PICD prevents synaptic dysfunction and behavioral deficits in APP/PS1 mice
To investigate whether loss of PICD affects the basal synaptic transmission, we generated input/output (I/O) curves by measuring field-excitatory by stimulation of the Schaffer collaterals at increasing stimulus intensities at 12-month-old mice. APP/PS1 mice with microinjection of PICD viral-like particles into the hippocampus exhibited bigger fEPSP slopes and amplitudes at all stimulus intensities tested and had significantly increased maximum fEPSPs relative to wild type mice (Fig. 7a). The deficits of long-term potentiation (LTP) in AD mice have been well documented before[35, 36]. We, therefore, investigated LTP in12-month-old wild type and APP/PS1 mice. Due to impaired LTP in the APP/PS1 mice, and the smaller absolute fEPSP may account for the LTP deficits. Next, we increased the stimulus intensity of the APP/PS1 mice to match baseline fEPSP magnitudes to those of wild type mice. The stimulus intensity used to elicit LTP in the wild type sections was approximately 30% of the maximum fEPSP slopes, equating to a value of ~0.45mV/ms, which is below the max value of the wild type mice. LTP magnitudes in these experiments did not significantly differ in the percentage of potentiation when these stronger stimulus intensities were used, indicating that reduced basal transmission does not likely account for the deficits in LTP in the wild type mice. As with the APP/PS1 mice, raising baseline fEPSPs to wild type levels did not result in significantly different LTP, and thus, the data were pooled. Meanwhile, we also lowered the baseline fEPSP of the wild type mice to match APP/PS1 mice and found no difference in potentiation as compared with the normal LTP protocol. All the data were pooled from the APP/PS1 experiments, where baseline fEPSPs were matched to wild type levels, with the experiments where the normal LTP protocol was used. We also pooled the data from the wild type experiments, where baseline fEPSPs were lowered to APP/PS1 levels, with data from the normal LTP protocol. In consistent with reports from other studies, our pool data showed that the reduced LTP in the APP/PS1 as compared to wild-type mice. Indeed, LTP in the APP/PS1 mice with injected PICD viral-like particles was significantly improved despite also having weaker fEPSPs relative to wild type controls (Fig. 7b).

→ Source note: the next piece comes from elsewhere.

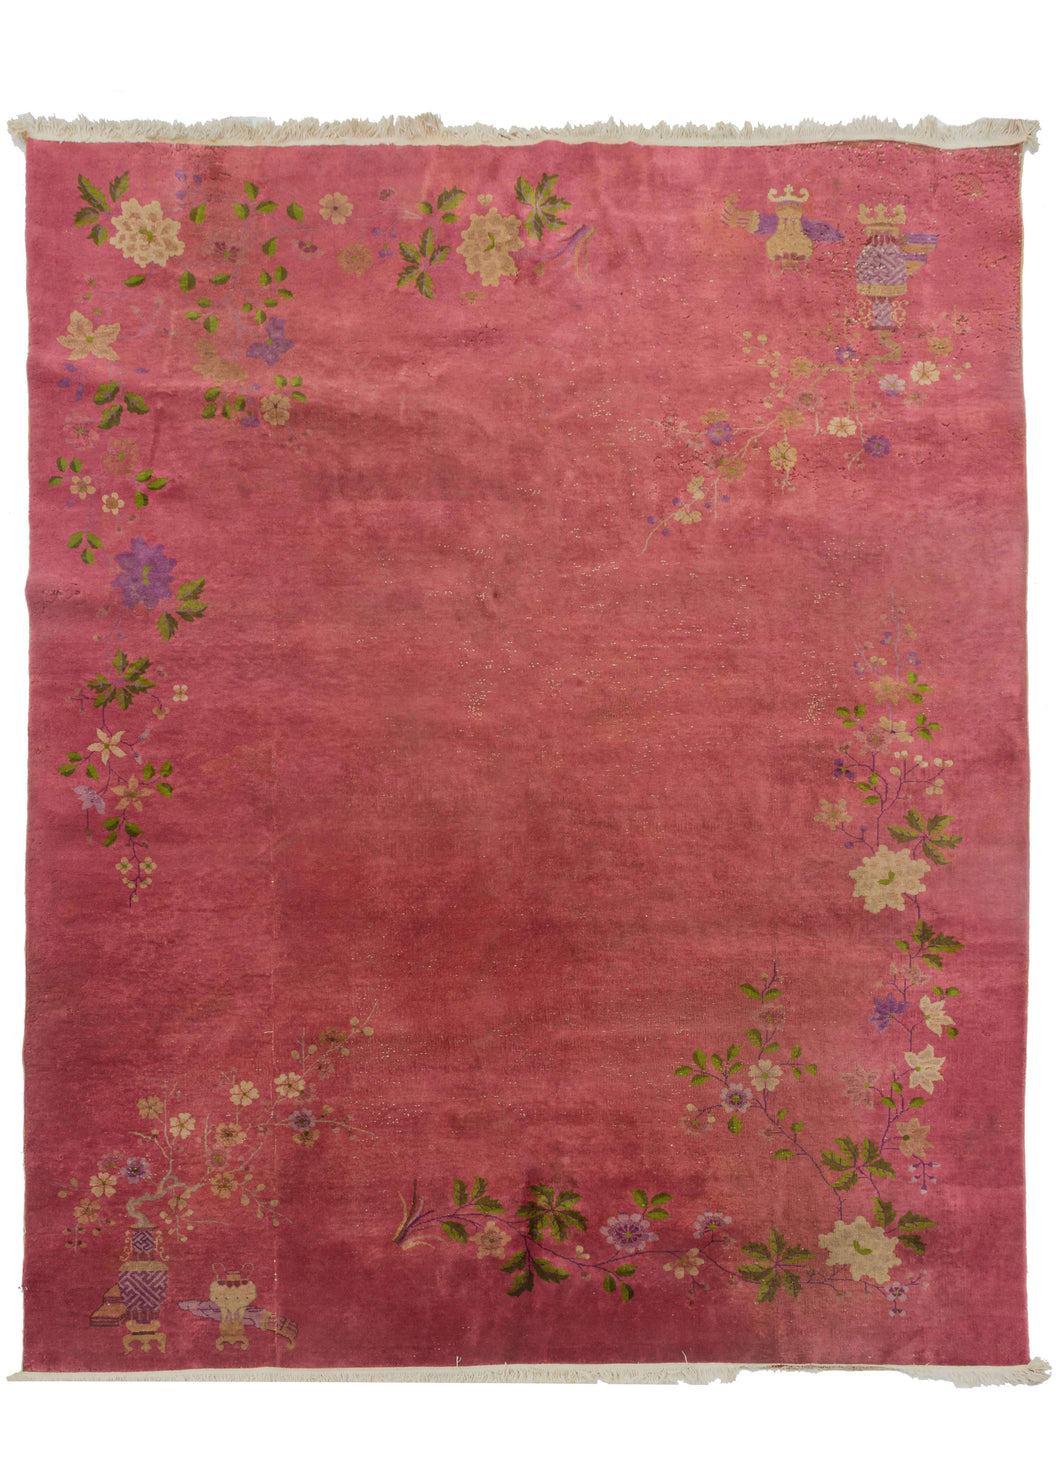 This Deco rug features a sparse and delicate floral design on an immense coral field. The design is open and borderless with a variety of flowers growing on vines as well as out of vases. The accenting palette is composed of greens, pinks, browns and golden yellows. 
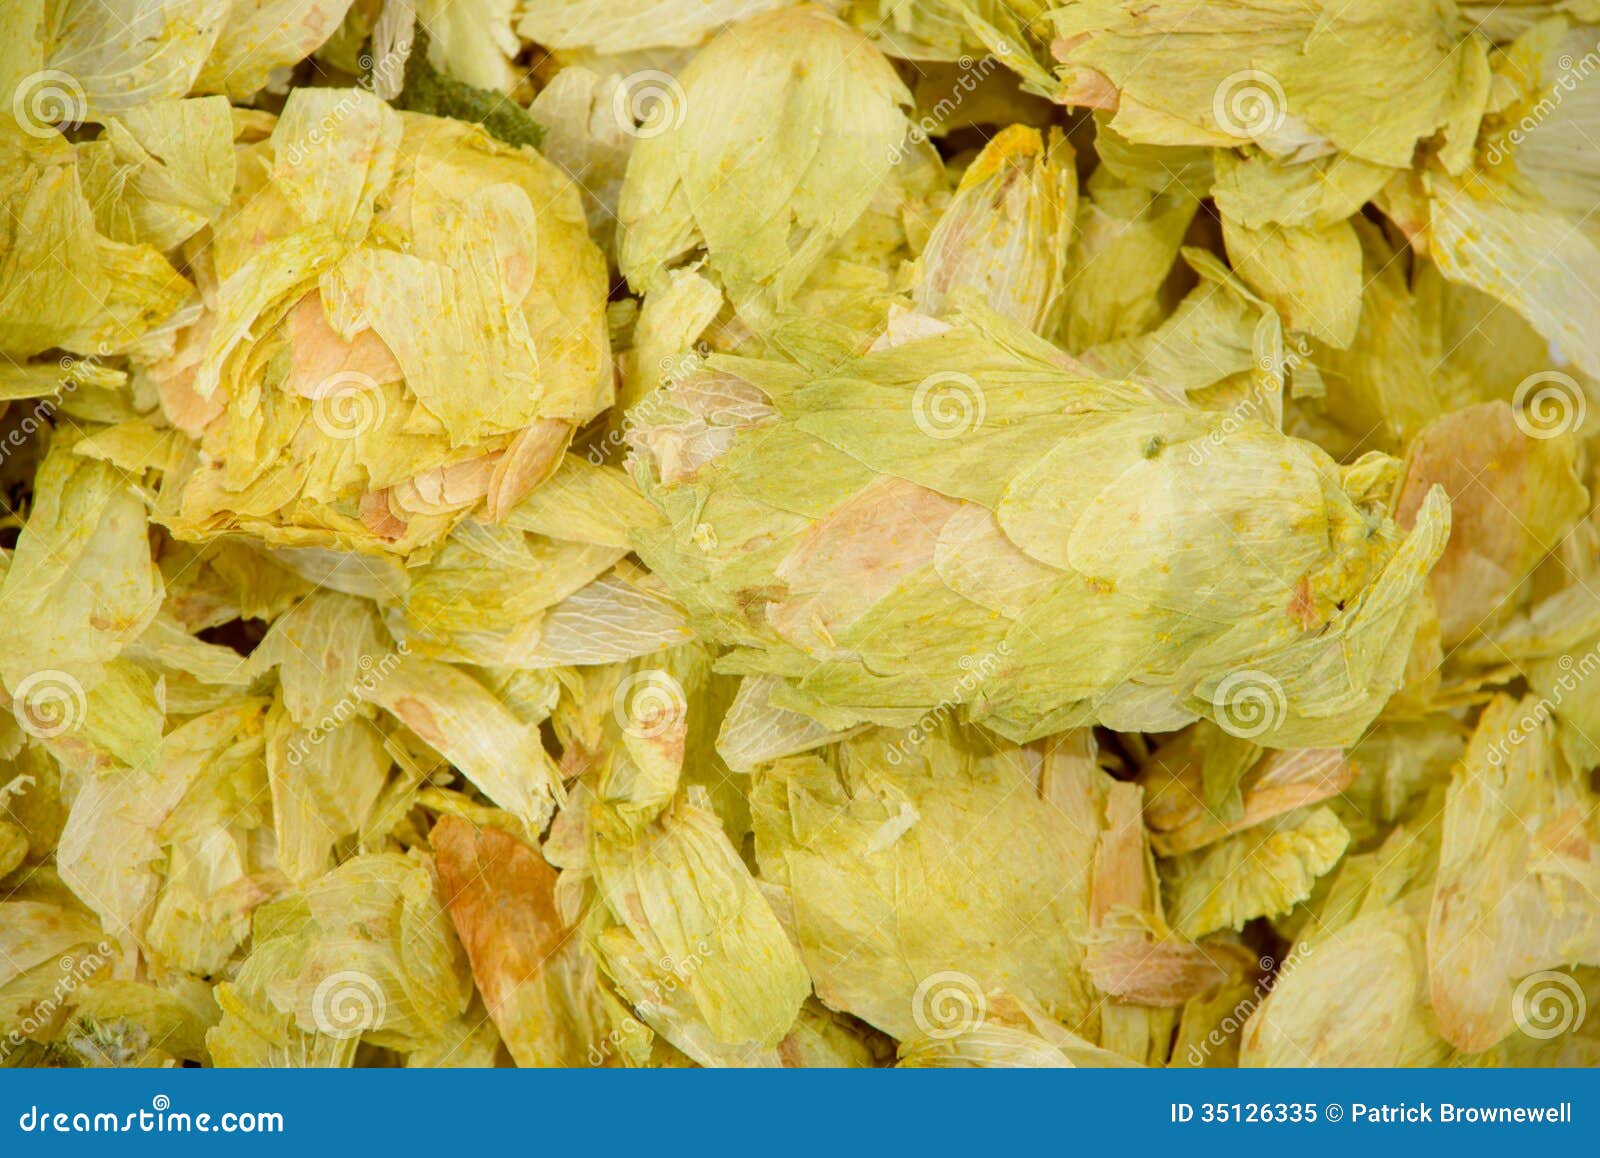 dehydrated hops

Next, the learning and spatial memory was further tested using the Morris water maze. The test was conducted in wild type and APP/PS1 mice after one month of microinjection of AAV-PICD into the hippocampus at the age of 9 months. Indeed, In contrast to wild type mice, the total time of exploration in the target quadrant shows that the swimming time of APP/PS1 mice in the target quadrant is significantly reduced (P = 0.0366, n = 6 mice). Nevertheless, PICD is overexpressed group can increase the swimming time of APP/PS1 mice in the target quadrant (P = 0.0069, n = 6 mice) (Fig. 7c-d). Meanwhile, while the latency of APP/PS1 mice crossing the platform in AAV-control group was significantly increased (P = 0.0367, n = 6 mice), the latency of mice crossing the platform in the overexpression PICD group was significantly reduced (P = 0.0236, n = 6 mice) (Fig. 7e-f). This date suggests that the induction of PICD in the hippocampus of APP/PS1 mice can significantly restore the learning ability and spatial learning memory compared to the control groups.